There are two qualities that set k6-loadImpact apart for web developers.

Uses JS (ES6)
Is built for CI

Side bonus: if you hooked on Postman, you can convert those tests to k6 easily. K6 can do DOM testing, however, we believe Lighthouse takes care of that. The true power of k6 comes out when testing APIs.

You can find quickstart examples with k6 here. The examples start very simple and are meant to build up the understanding quickly. They are ready to be run out of the box and tinkered with. We will not duplicate that knowledge here.

Instead, in this section, we will cover the overview of a k6 test, and later show a code sample on how k6 can be configured to accommodate different types of performance testing.

// k6 lifecycle overview:

// 1. init code -> runs once
// this is where we configure the type of performance testing (there are also
// additional options we do not cover here)
export let options = {
  // there will be 1 virtual user
  vus: 1,

  // default function() will execute 1 time. This simple config
  // is best when trying to get things to work
  iterations: 1,
}

// 2. (optional) setup code -> runs once
export function setup() {
  // for example getting a token so you can run API tests in the default
  // function that comes in (3) virtual user code

  // what gets returned from this function is passed as an argument to the next
  // function. For example: `token`
  return getTokenForUser();
}

// 3. virtual user code -> runs once or many times based on
// `export let options = { ... } `
export default function(token) {
  // http.get is a k6 function that hits a URL with optional test parameters
  // note that  we do not need a token for this url
  http.get("http://test.loadimpact.com");
}

// 4. (optional) teardown code -> runs once
export function teardown(data) {
  // this is in case you need to clean up, for instance if failed test may
  // leave residue an impact state
}

Endurance test configuration:

export let options = {
  // endurance test for 30 seconds with 50 virtual users.
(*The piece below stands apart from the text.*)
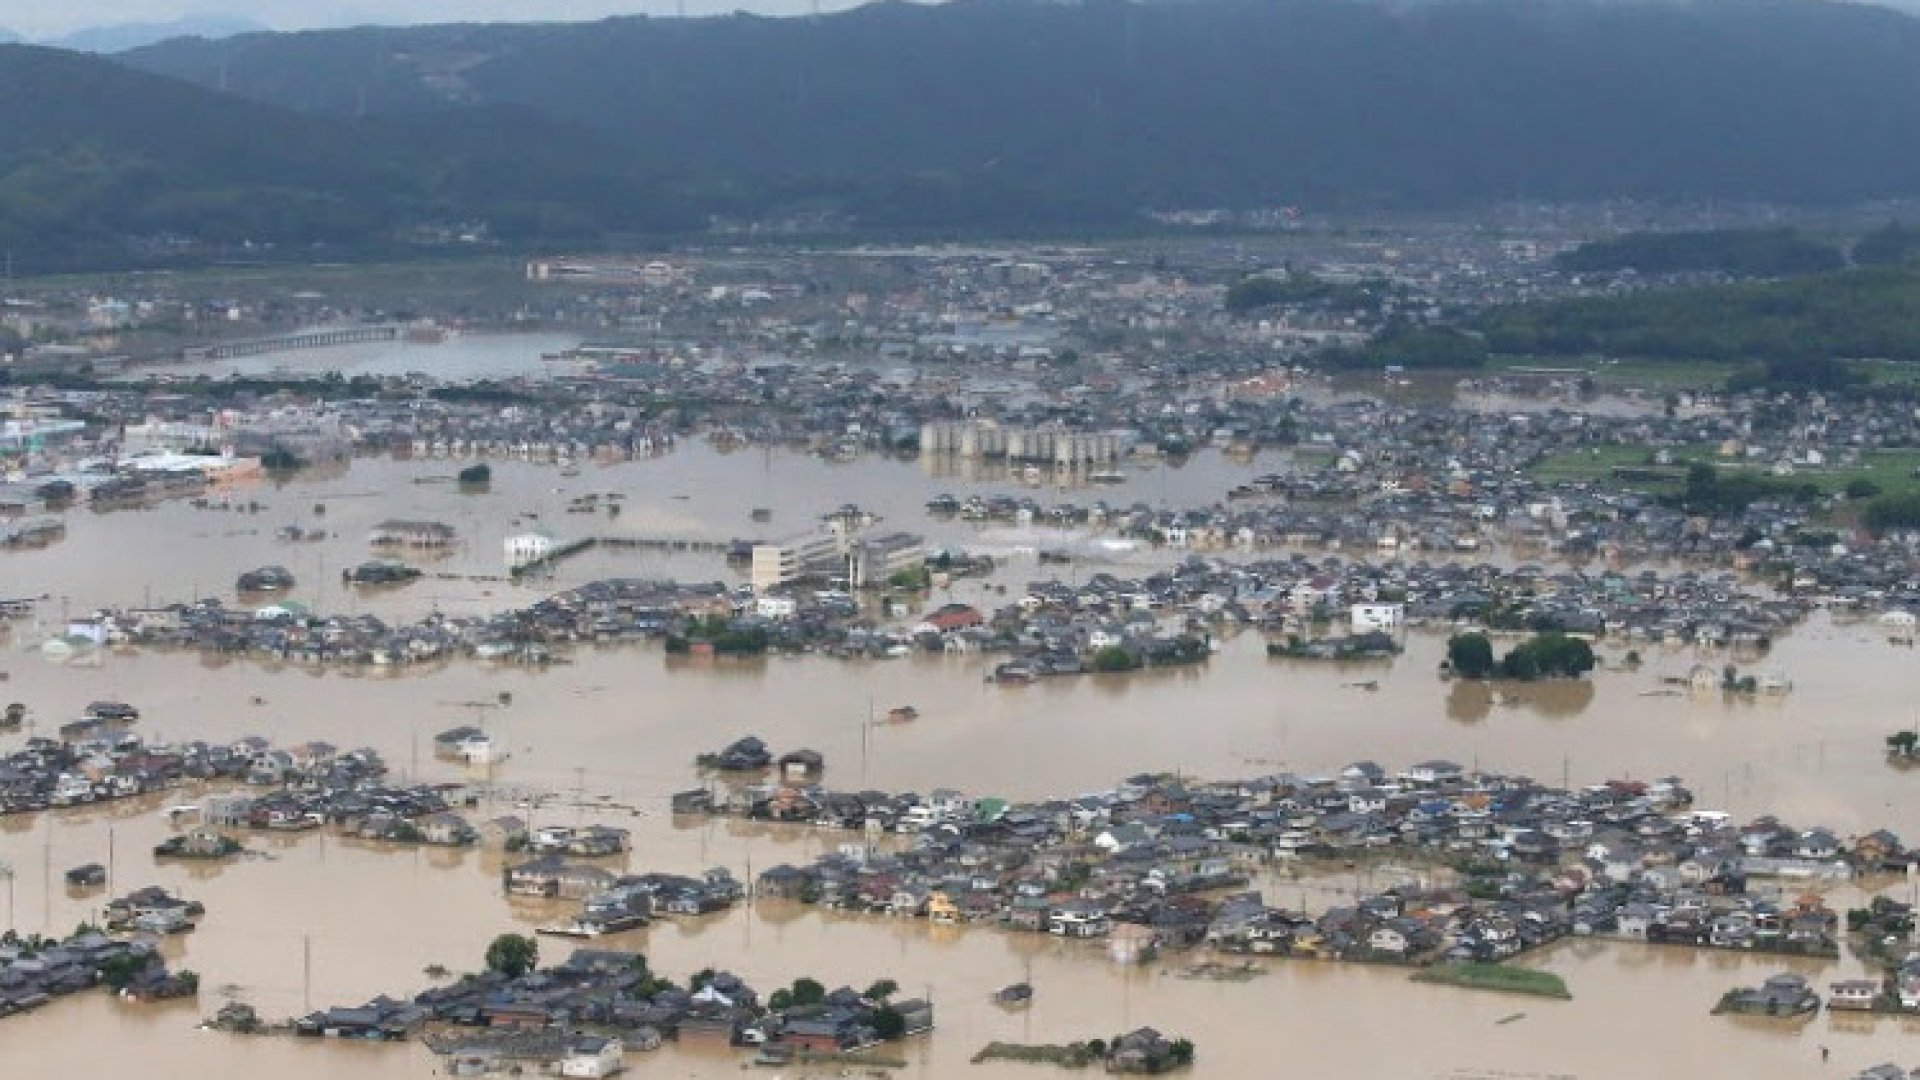  Bilanţul ploilor torenţiale din Brazilia: 79 de morţi şi 56 de dispăruţi

Adds users immediately
  vus: 50,
  duration: "30s",

  // alternative to duration, you can  specify the exact number of iterations
  // the test will run
  // iterations: 500,
}

Load test configuration:

export let options = {
  // for 15 seconds ramps up 10 users, adds users gradually
  // adds a total of 40 users in the next 15 seconds, and up to 50 in the next
  // 30 seconds..
  // lowers down the users to 10 and 5 in the next 15 second iterations
  stages: [
    { duration: "15s", target: 10 },
    { duration: "15s", target: 40 },
    { duration: "30s", target: 50 },
    { duration: "15s", target: 10 },
    { duration: "15s", target: 5 },
  ]
}

Spike test configuration:

export let options = {
  // starts slow and builds up the load rapidly, and then drops the load
  stages: [
    { duration: "5s", target: 1 },
    { duration: "5s", target: 5 },
    { duration: "5s", target: 25 },
    { duration: "3s", target: 200 },
    { duration: "3s", target: 20 },
    { duration: "3s", target: 10 },
    { duration: "3s", target: 5 },
    { duration: "3s", target: 1 },
  ]
}

As you can see, the stages are the utility to configure your performance test type.
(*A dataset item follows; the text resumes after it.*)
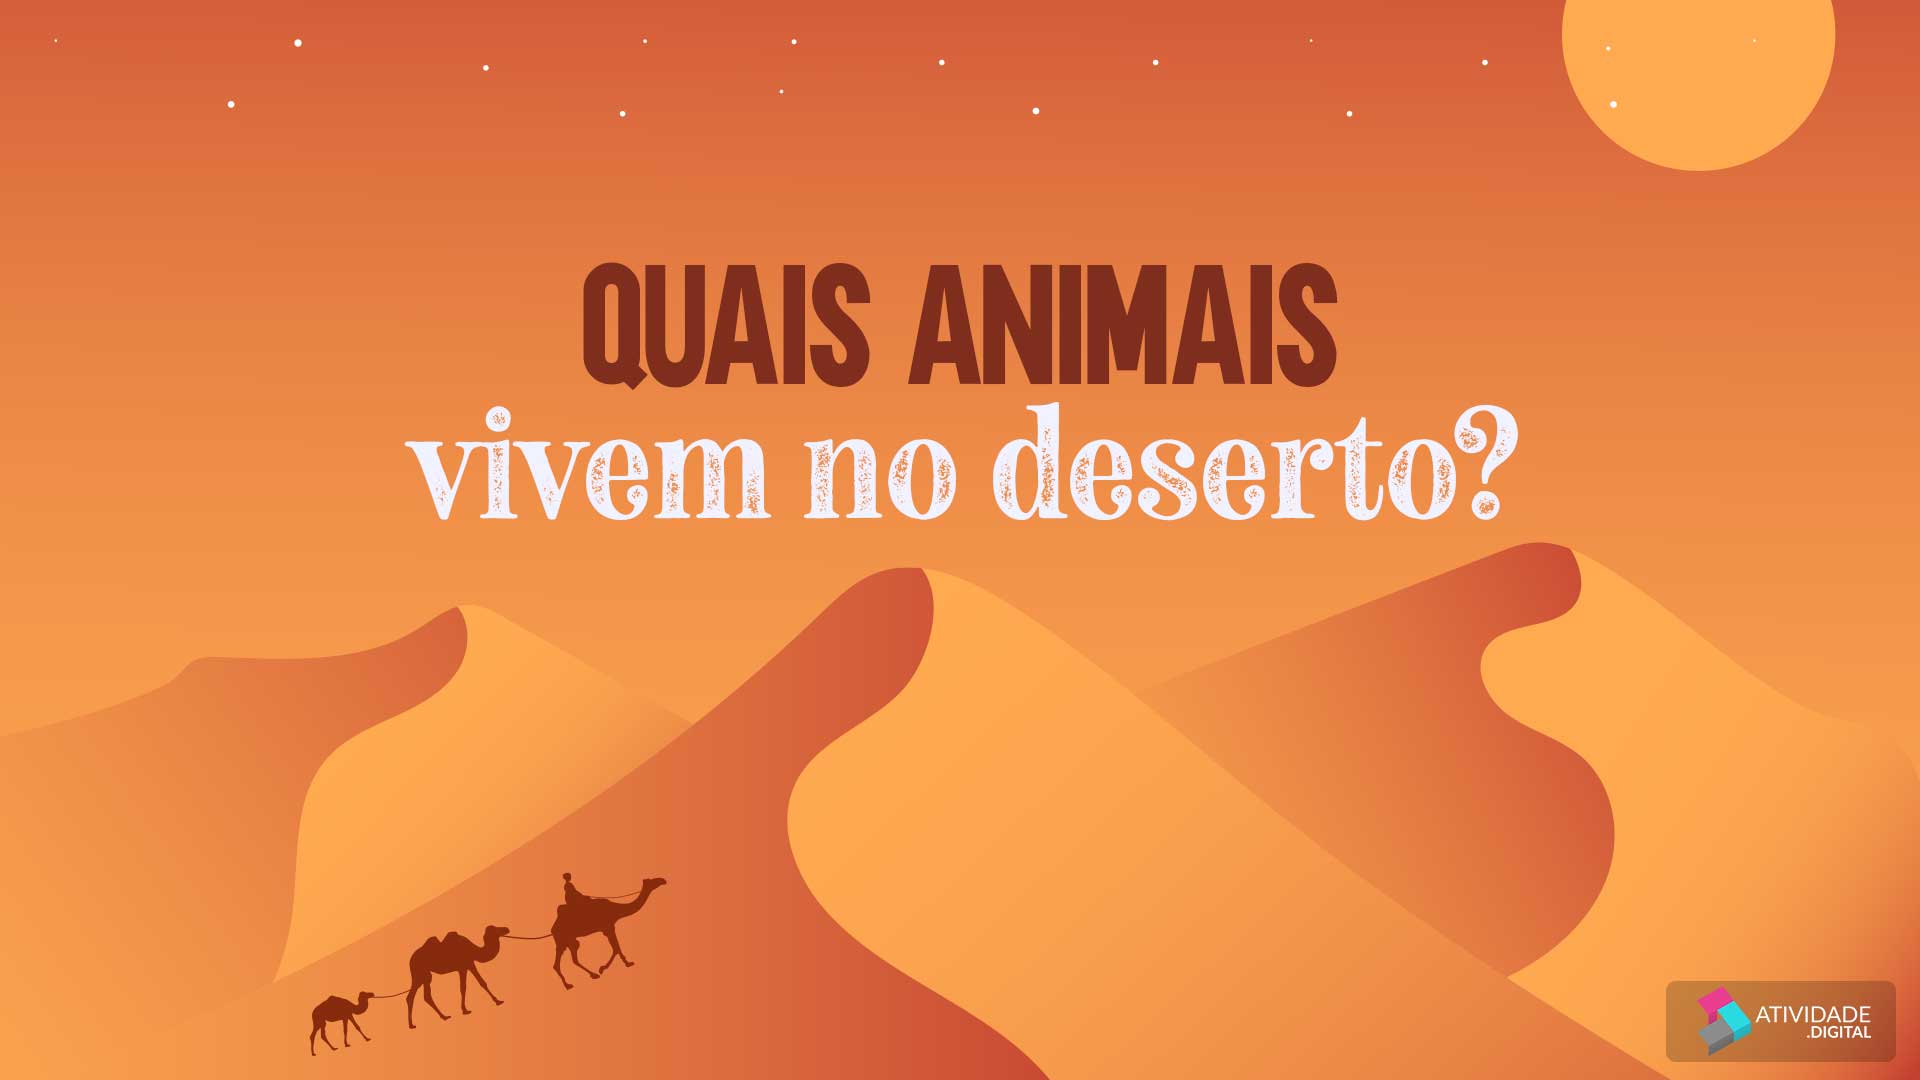 Quais animais vivem no deserto?

How do we analyze the results?

K6 provides a simple CLI output. We believe the most important 2 high-level values here are http_req_duration which details response duration and http_req which shows the number of requests sent. If these are looking at acceptable values, CLI fulfills its purpose.

In case of a need for further diagnosis, the graphical insights is valuable. The key in a graph like this is for Response time and Request rate to follow the trend of Virtual Users. Any variances in the trend may signal to underlying issues.